张作霖的声音从牙缝里挤出来,带着一股子被愚弄的火气。他这下是彻底听明白了。
“苏老侄儿,你他娘的这算盘珠子,都快崩到老子脸上了!”
他的怒吼声震得听筒嗡嗡作响。
“兵是你的,车也是你的,到头来,老子花着海量的金条,请你的兵,在老子的地盘上,帮你练兵?”
“你这是把老子当成冤大头耍!”
面对这意料之中的暴怒,苏云的表情没有丝毫变化。
他甚至端起茶杯,又抿了一口。
直到对方的喘息声稍稍平复,他才慢悠悠地开口。
“老帅。”
仅仅两个字,却带着一股奇异的镇定力量,让电话那头的狂躁气息为之一顿。
“您先消消气,听我算一笔账。”
“您想想,有了这支装甲连,哪怕只有一个连。当您的大军再次对上直系那帮人时,吴佩孚手上还有什么能挡住您的锋芒?”
苏云的声音不带任何感情色彩,却字字诛心。
“一个冲锋,就能撕开他们的防线。一场大胜,过去丢的地盘、花的钱,不就都回来了吗?”

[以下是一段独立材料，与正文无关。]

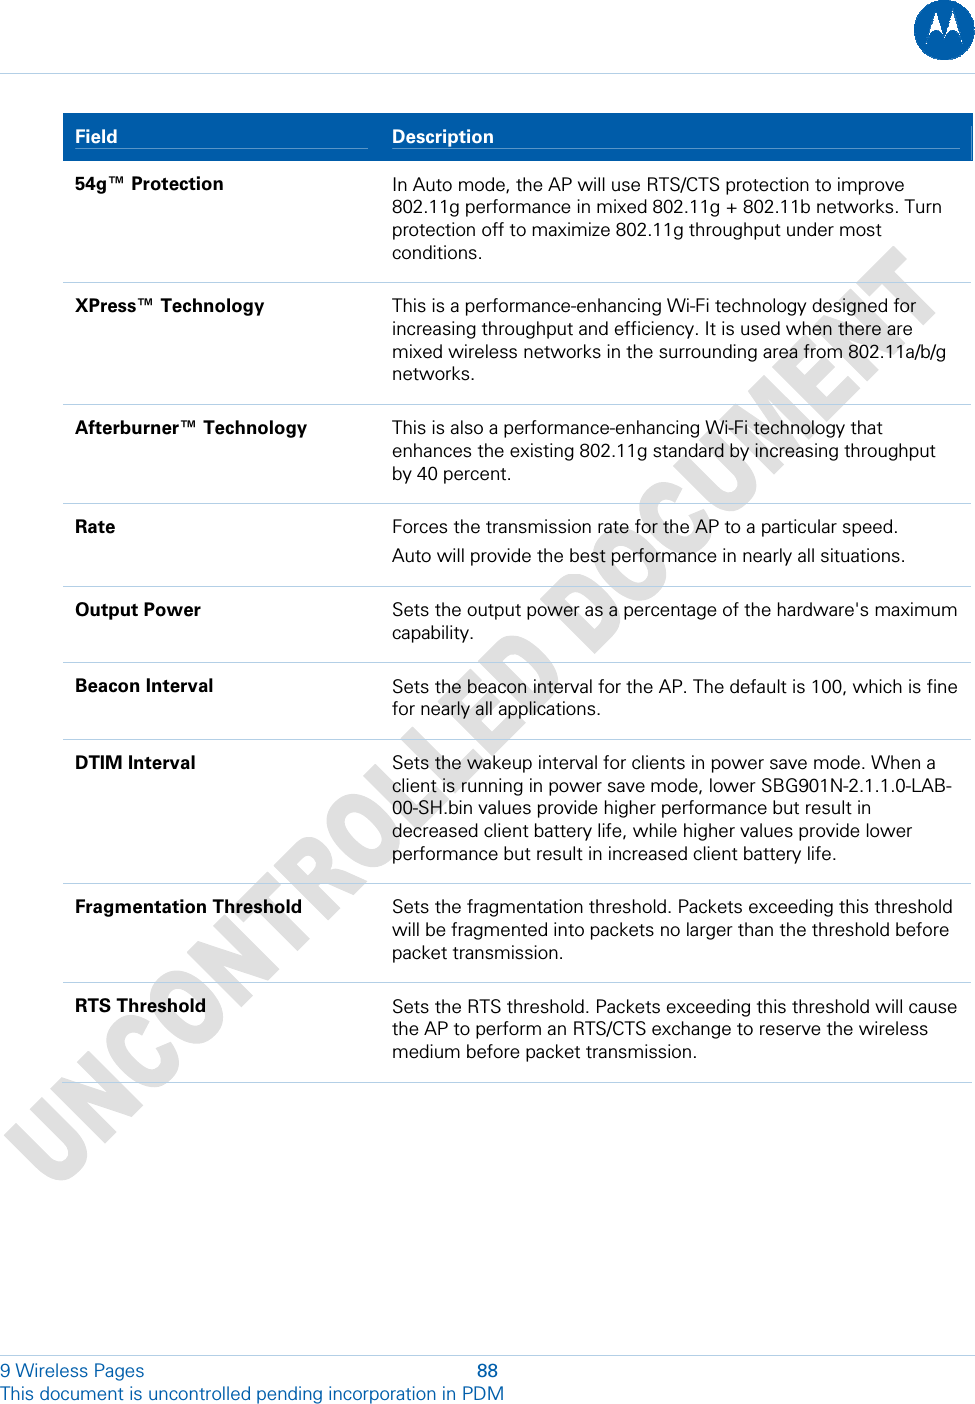  9 Wireless Pages  88 This document is uncontrolled pending incorporation in PDM  Field   Description 54g™ Protection  In Auto mode, the AP will use RTS/CTS protection to improve 802.11g performance in mixed 802.11g + 802.11b networks. Turn protection off to maximize 802.11g throughput under most conditions. XPress™ Technology  This is a performance-enhancing Wi-Fi technology designed for increasing throughput and efficiency. It is used when there are mixed wireless networks in the surrounding area from 802.11a/b/g networks. Afterburner™ Technology  This is also a performance-enhancing Wi-Fi technology that enhances the existing 802.11g standard by increasing throughput by 40 percent. Rate  Forces the transmission rate for the AP to a particular speed. Auto will provide the best performance in nearly all situations. Output Power  Sets the output power as a percentage of the hardware&apos;s maximum capability. Beacon Interval  Sets the beacon interval for the AP. The default is 100, which is fine for nearly all applications. DTIM Interval  Sets the wakeup interval for clients in power save mode. When a client is running in power save mode, lower SBG901N-2.1.1.0-LAB-00-SH.bin values provide higher performance but result in decreased client battery life, while higher values provide lower performance but result in increased client battery life. Fragmentation Threshold  Sets the fragmentation threshold. Packets exceeding this threshold will be fragmented into packets no larger than the threshold before packet transmission. RTS Threshold  Sets the RTS threshold. Packets exceeding this threshold will cause the AP to perform an RTS/CTS exchange to reserve the wireless medium before packet transmission. 
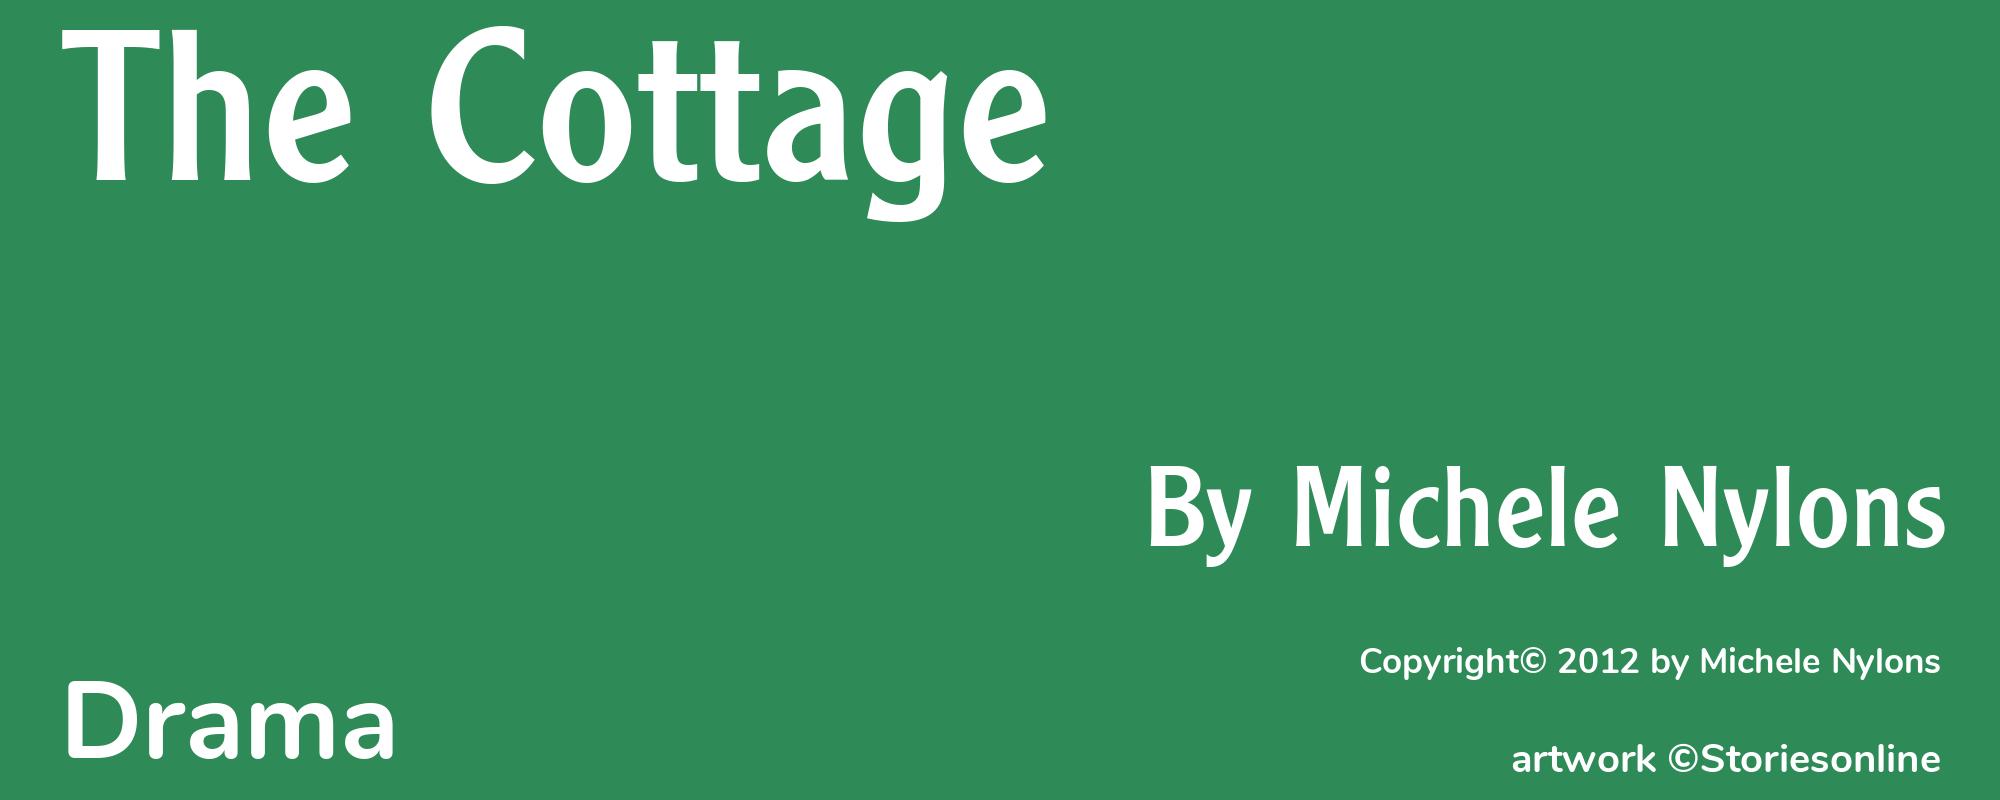 The Cottage - Cover

他顿了顿,给了对方足够的消化时间,然后才抛出了最致命的一击。
“再说了,这种等级的技术,这支部队的战斗力,放眼整个华夏,除了我这里,您上哪儿找第二家去?”
“这是独一份的买卖,老帅。”
最后那句话,轻飘飘的,却重逾千斤。
电话那头彻底陷入了漫长的沉默。
这一次,没有愤怒的喘息,只有压抑到极致的、沉重的呼吸声。
张作霖是个枭雄,但骨子里更是一个精明的生意人。
他在算。
疯狂地计算这笔交易的得失。
屈辱。
愤怒。
被人拿捏的憋闷。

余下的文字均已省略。